During the pandemic a pasta restaurant launched on UberEats in Paris. Cala quickly attracted a top 1% rating for it’s high quality to price ratio. Only now has it been revealed that the chef is a robot.
“We wanted to make sure that the quality of the product was what was really driving customers to come to a restaurant,” says Ylan Richard, who founded Cala in 2019, when he was 19 . “No one knew there was a robot behind the restaurant on the platforms.”
The economics are interesting.
Most restaurants spend roughly 30% of their costs on food; 30% on labour and 30% on real estate (rent, maintenance, electricity, heating and cleaning.)
In Cala’s restaurant, the kitchen is entirely removed and replaced by the robot, which measures 3m2 — significantly reducing the space needed. The restaurant also doesn’t have any seating.

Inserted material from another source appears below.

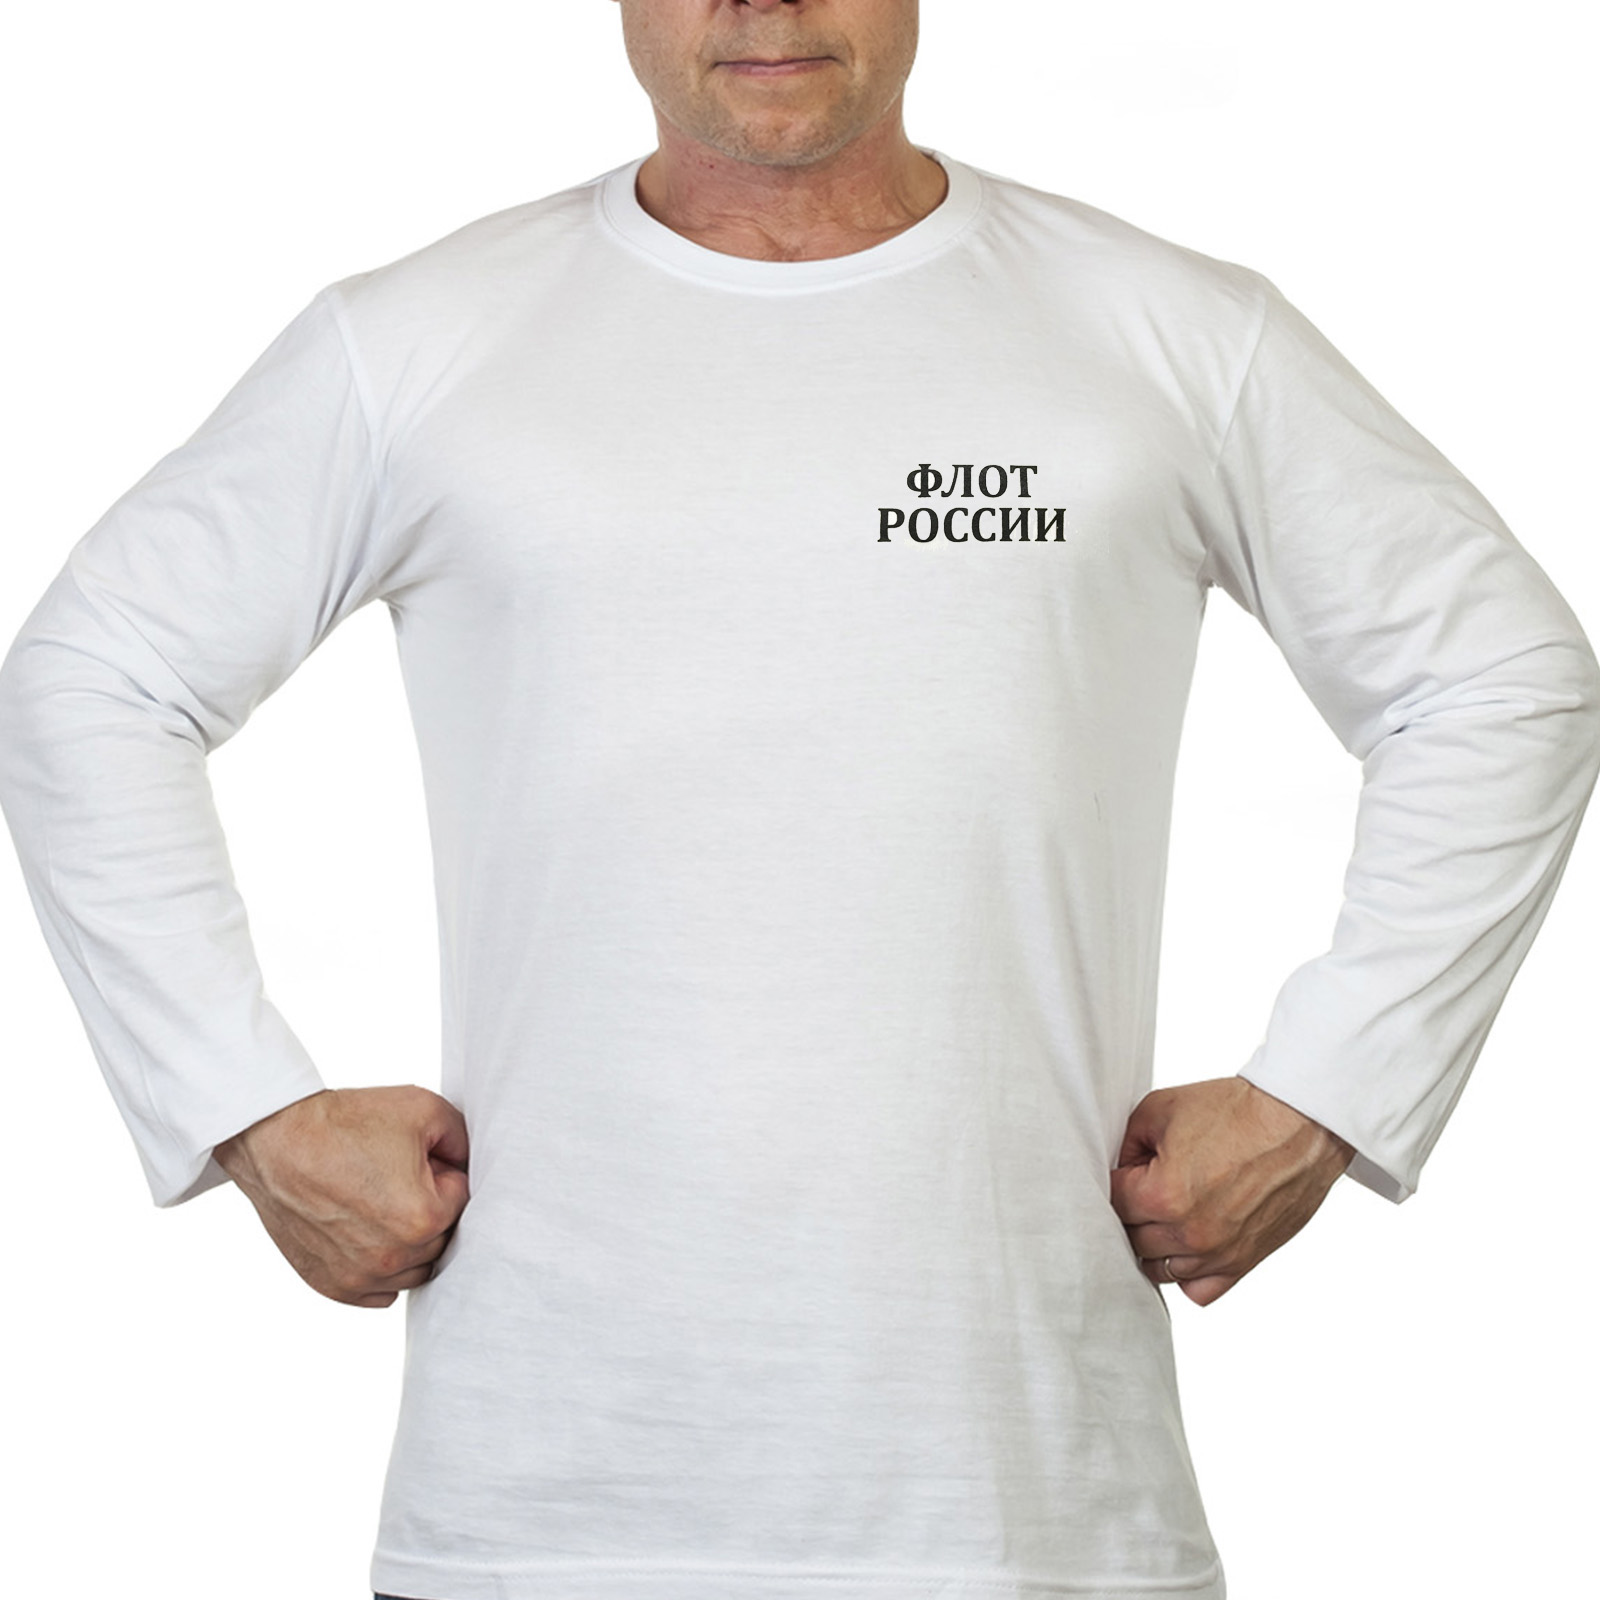 Купить белую футболку "Флот России" с длинным рукавом

The robot also allows Cala to produce many more meals per hour per square metre than other restaurants.
“With three metres squared, we can serve 1.2k meals an hour,” says Richard. “A traditional McDonald’s restaurant is 125m2, and usually they can serve 550 meals an hour.”

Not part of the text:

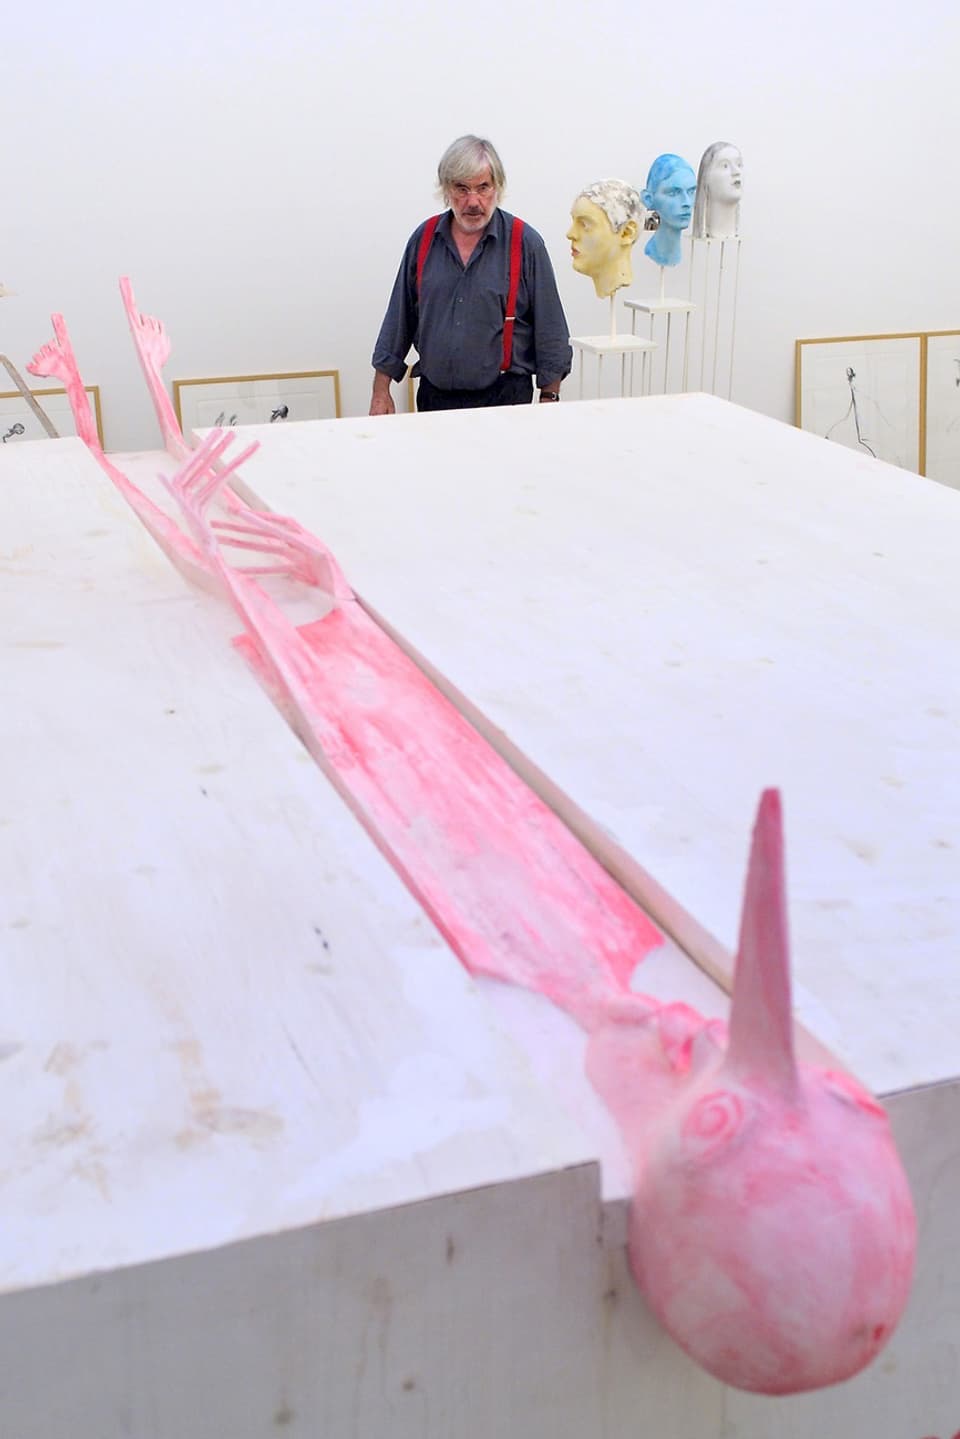 Der Künstler neben einer liegenden, rosaroten Skulptur, die einen dünnen Menschen darstellt.

The robot means Cala saves 60% on real estate costs, which it says it puts into spending more on the cost of food ingredients, allowing it, Richard says, to deliver higher quality meals at a better price.
More generally, one can see top chefs producing recipes that are then scaled not just to restaurants but also to home robot preparation services. Meals would be produced by a subscription service (“We have 10,000 recipes from the greatest chefs on every continent.”). Restaurants would compete even more on ambience.